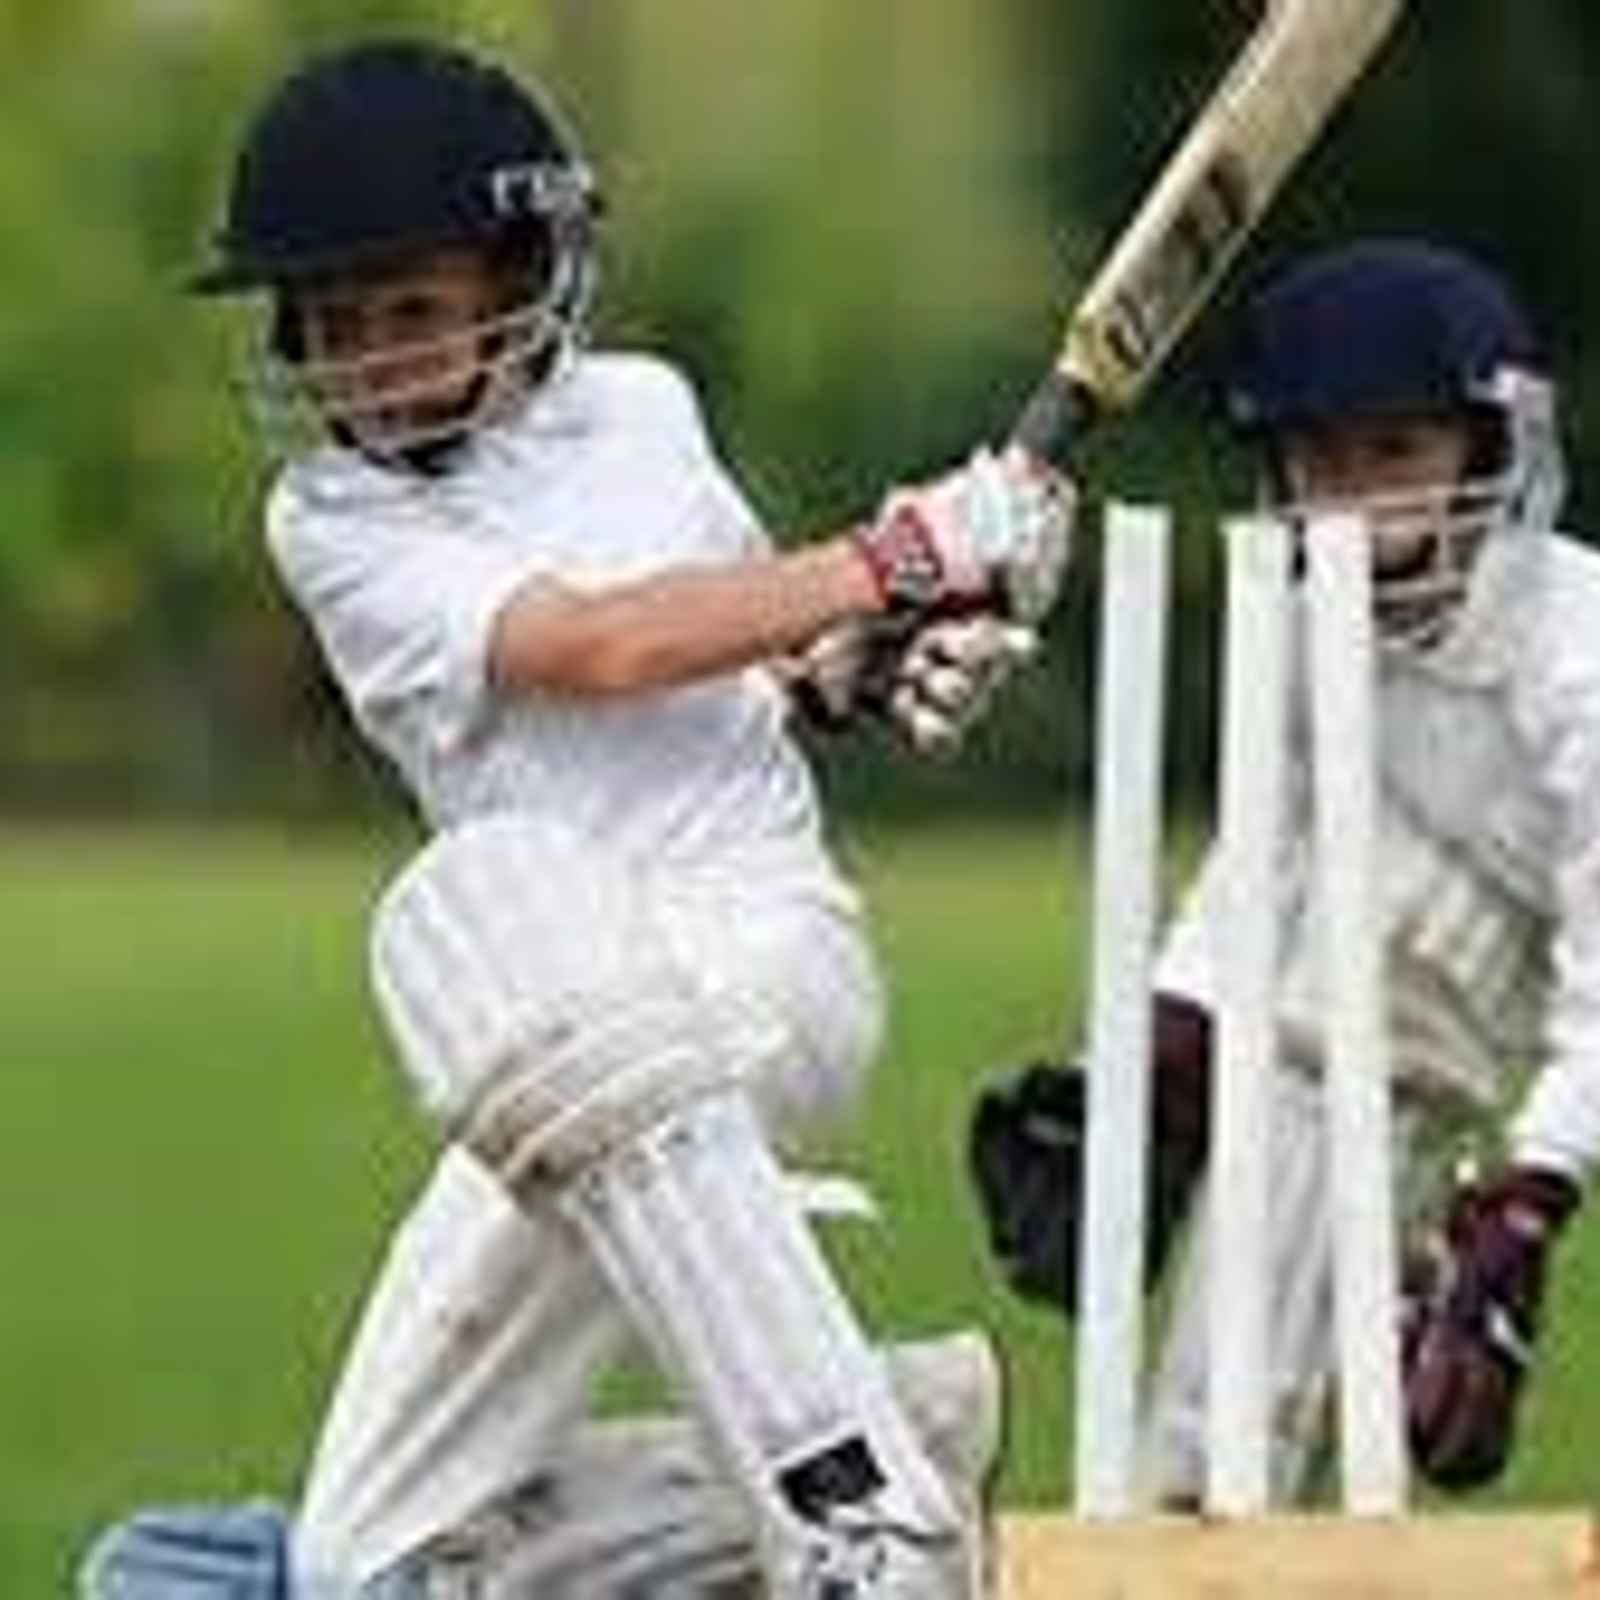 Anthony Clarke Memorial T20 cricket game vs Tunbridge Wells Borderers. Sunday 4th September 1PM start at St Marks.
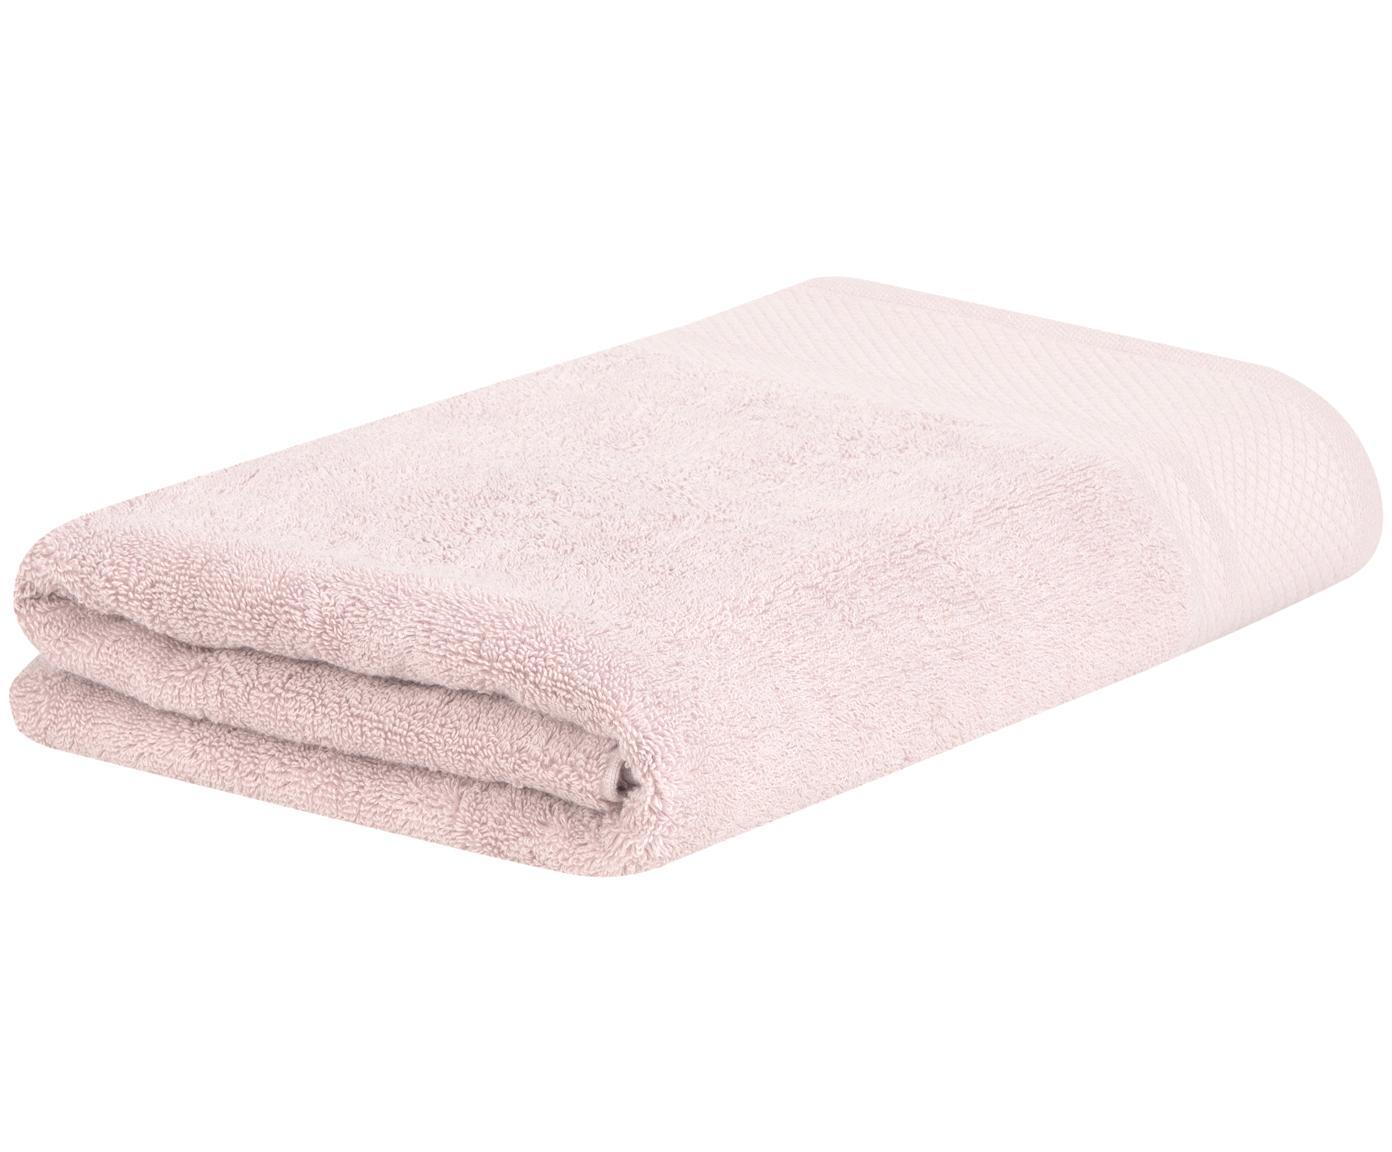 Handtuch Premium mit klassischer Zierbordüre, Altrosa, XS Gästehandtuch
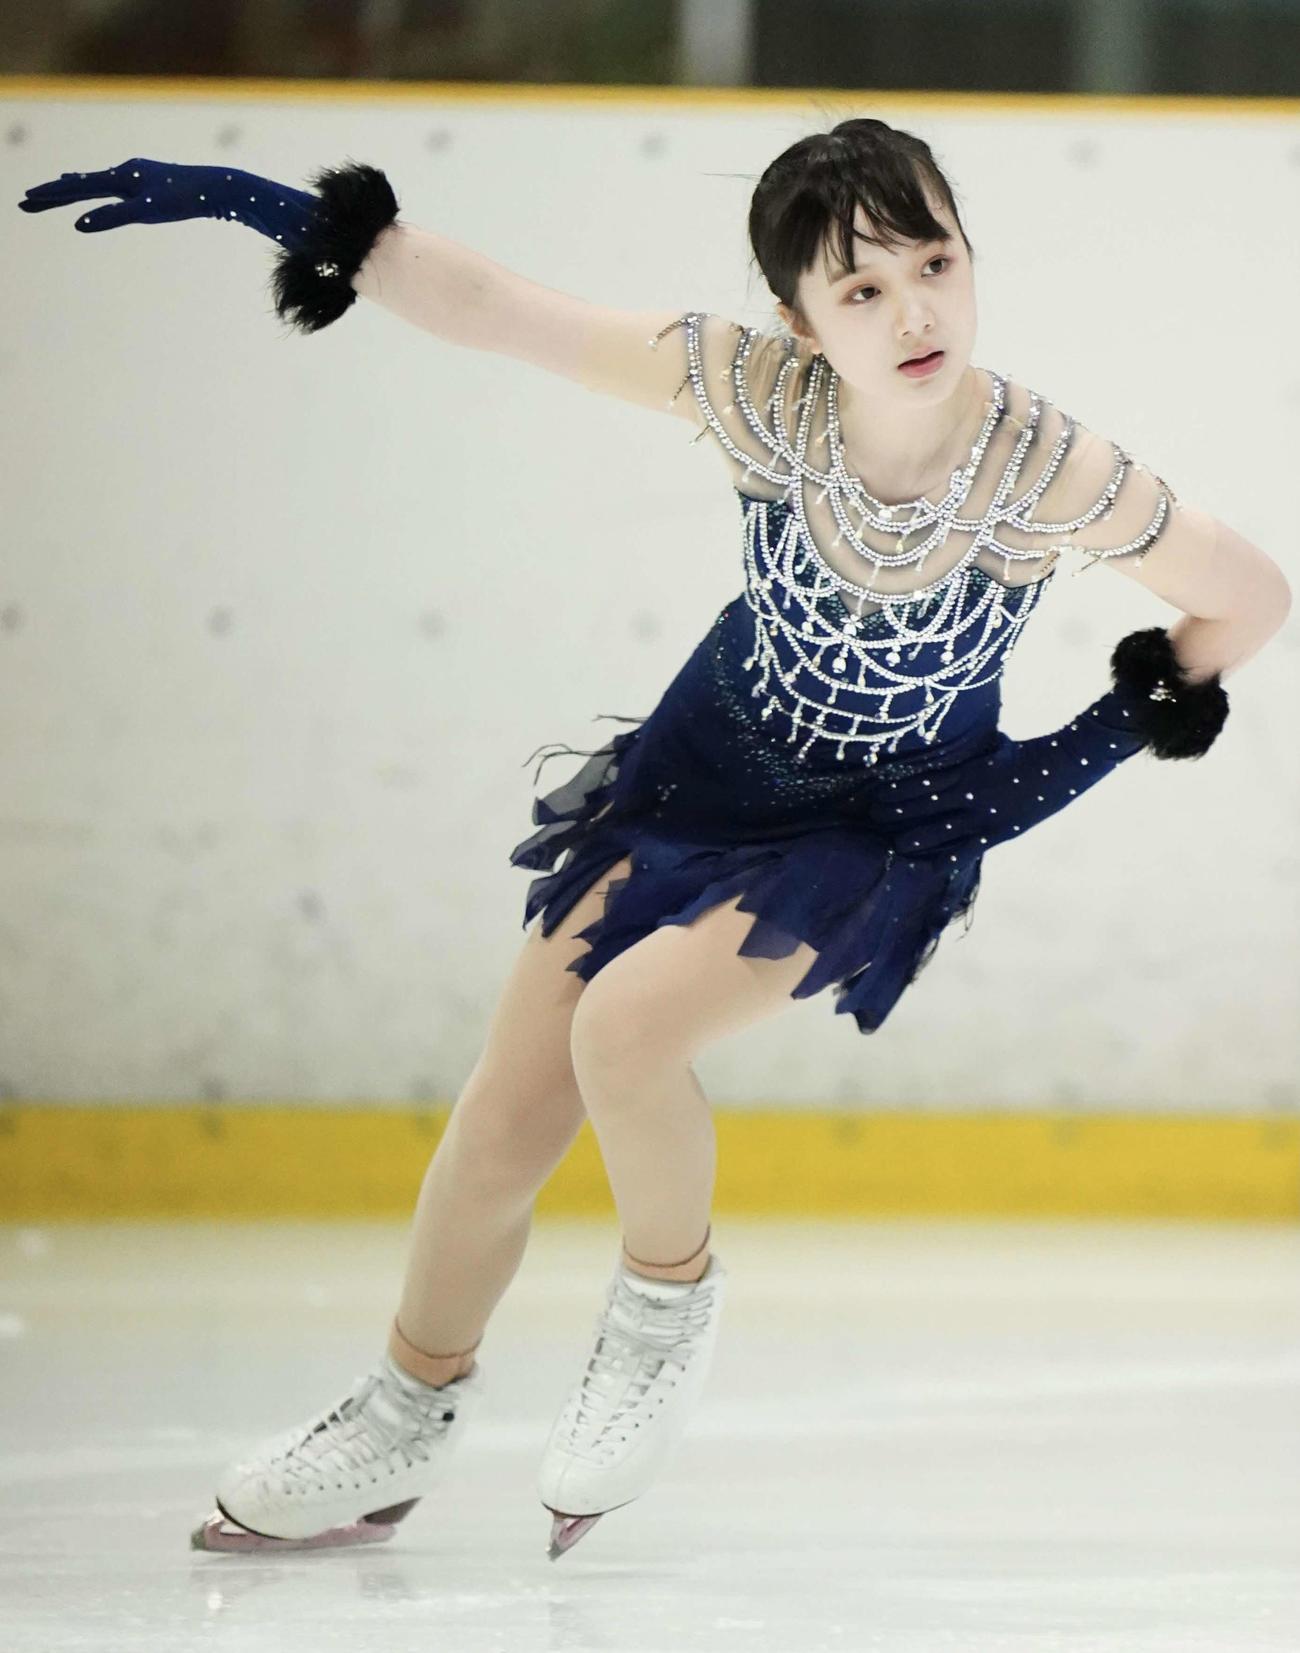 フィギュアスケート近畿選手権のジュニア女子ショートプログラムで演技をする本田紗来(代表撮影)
.....
*WORK TASK*: Return each line of the material exactly as written; exclude the pictures.

*PROBLEM SOLUTION*:
 Anthony Clarke Memorial T20 cricket game vs Tunbridge Wells Borderers. Sunday 4th September 1PM start at St Marks.
 Handtuch Premium mit klassischer Zierbordüre, Altrosa, XS Gästehandtuch
 フィギュアスケート近畿選手権のジュニア女子ショートプログラムで演技をする本田紗来(代表撮影)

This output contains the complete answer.